> Data listing:
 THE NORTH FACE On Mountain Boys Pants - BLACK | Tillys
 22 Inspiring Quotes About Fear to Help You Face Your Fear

---

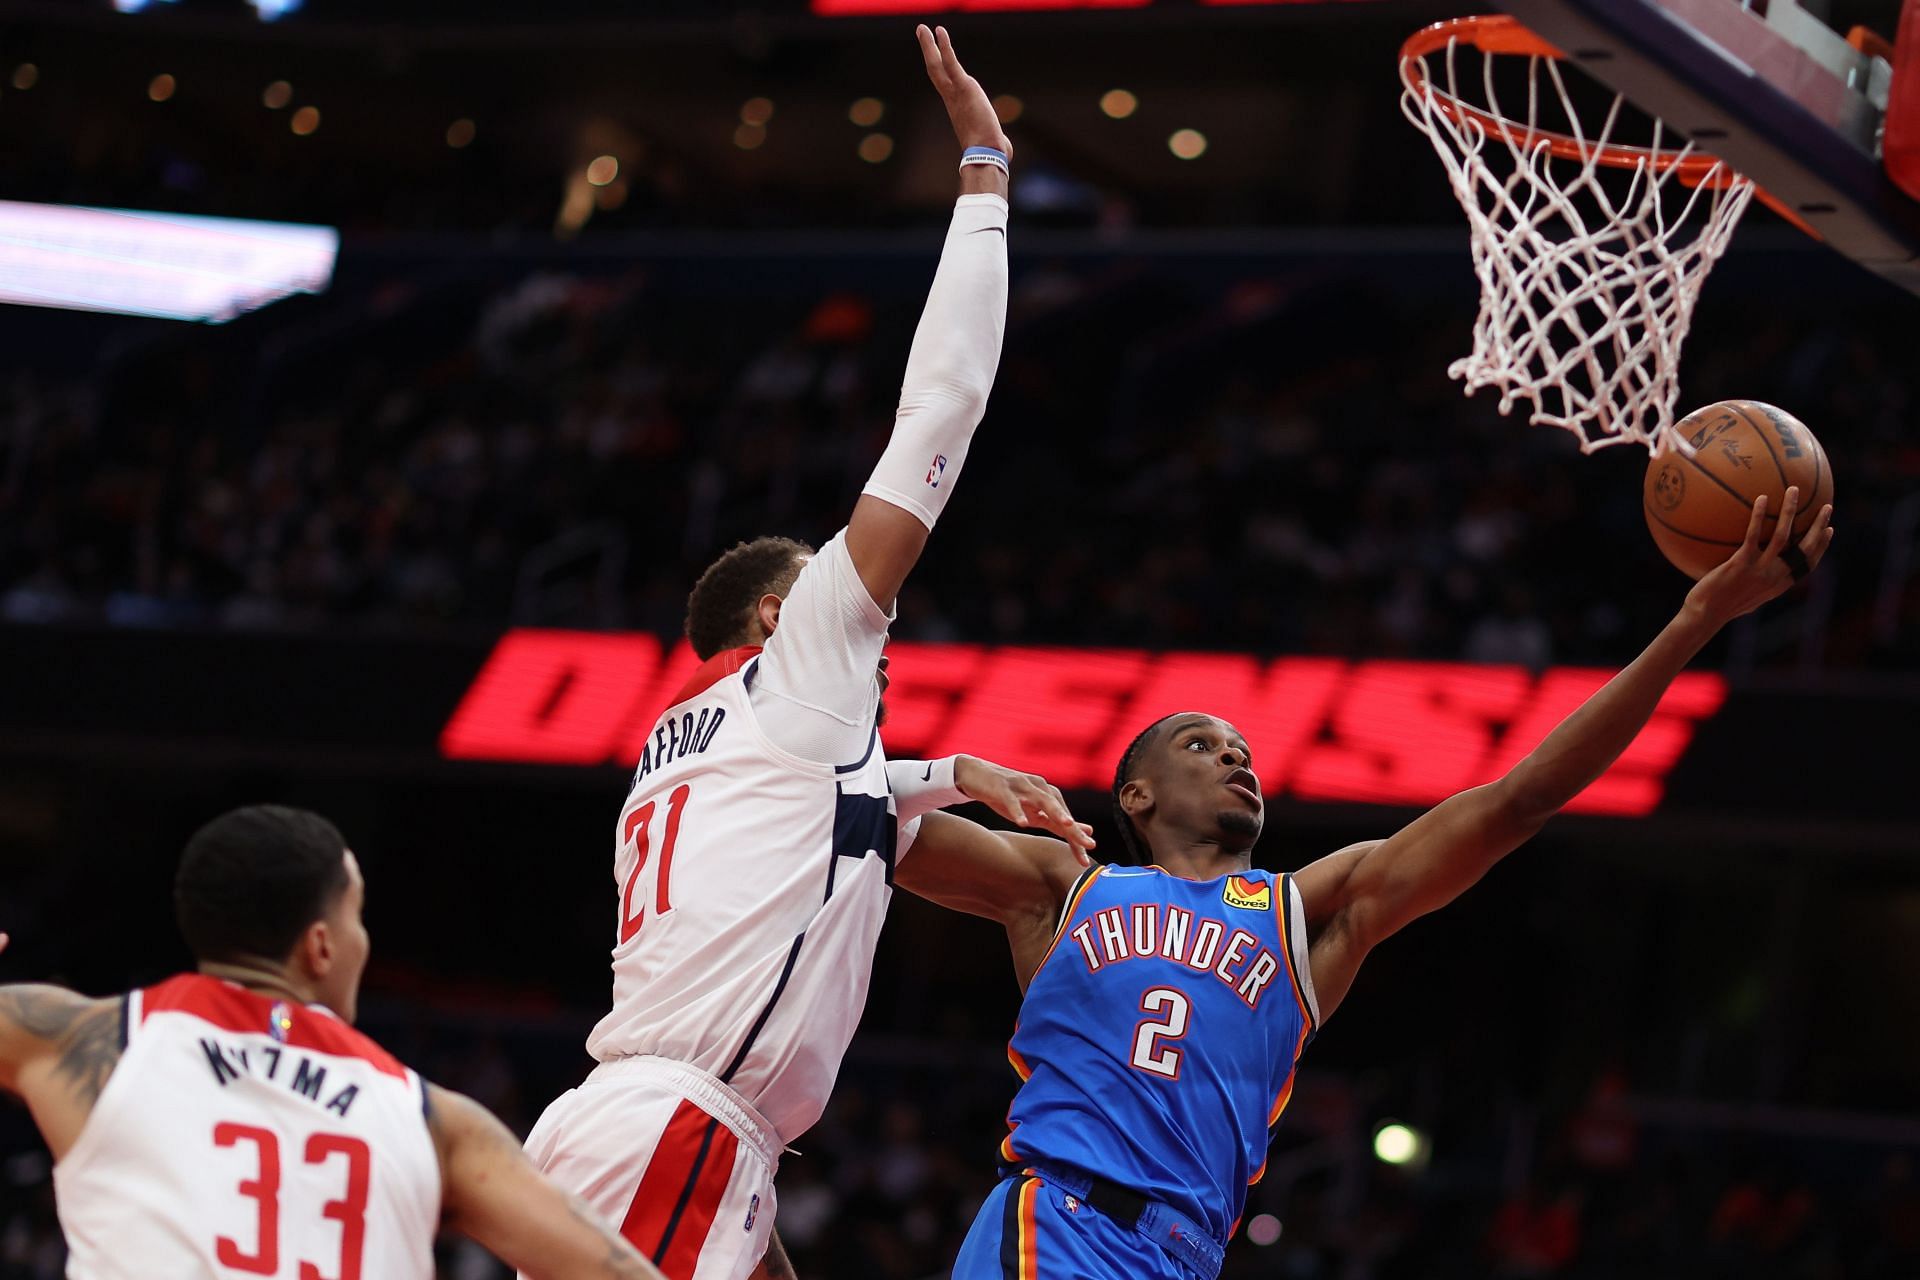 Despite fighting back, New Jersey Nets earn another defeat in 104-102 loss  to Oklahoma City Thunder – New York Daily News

> Assignment: Look back at the data above. Transcribe exactly the lines starting at the line that contains "THE NORTH FACE" and ending at the line that contains "22 Inspiring Quotes".

> Reply to the exercise:
 THE NORTH FACE On Mountain Boys Pants - BLACK | Tillys
 22 Inspiring Quotes About Fear to Help You Face Your Fear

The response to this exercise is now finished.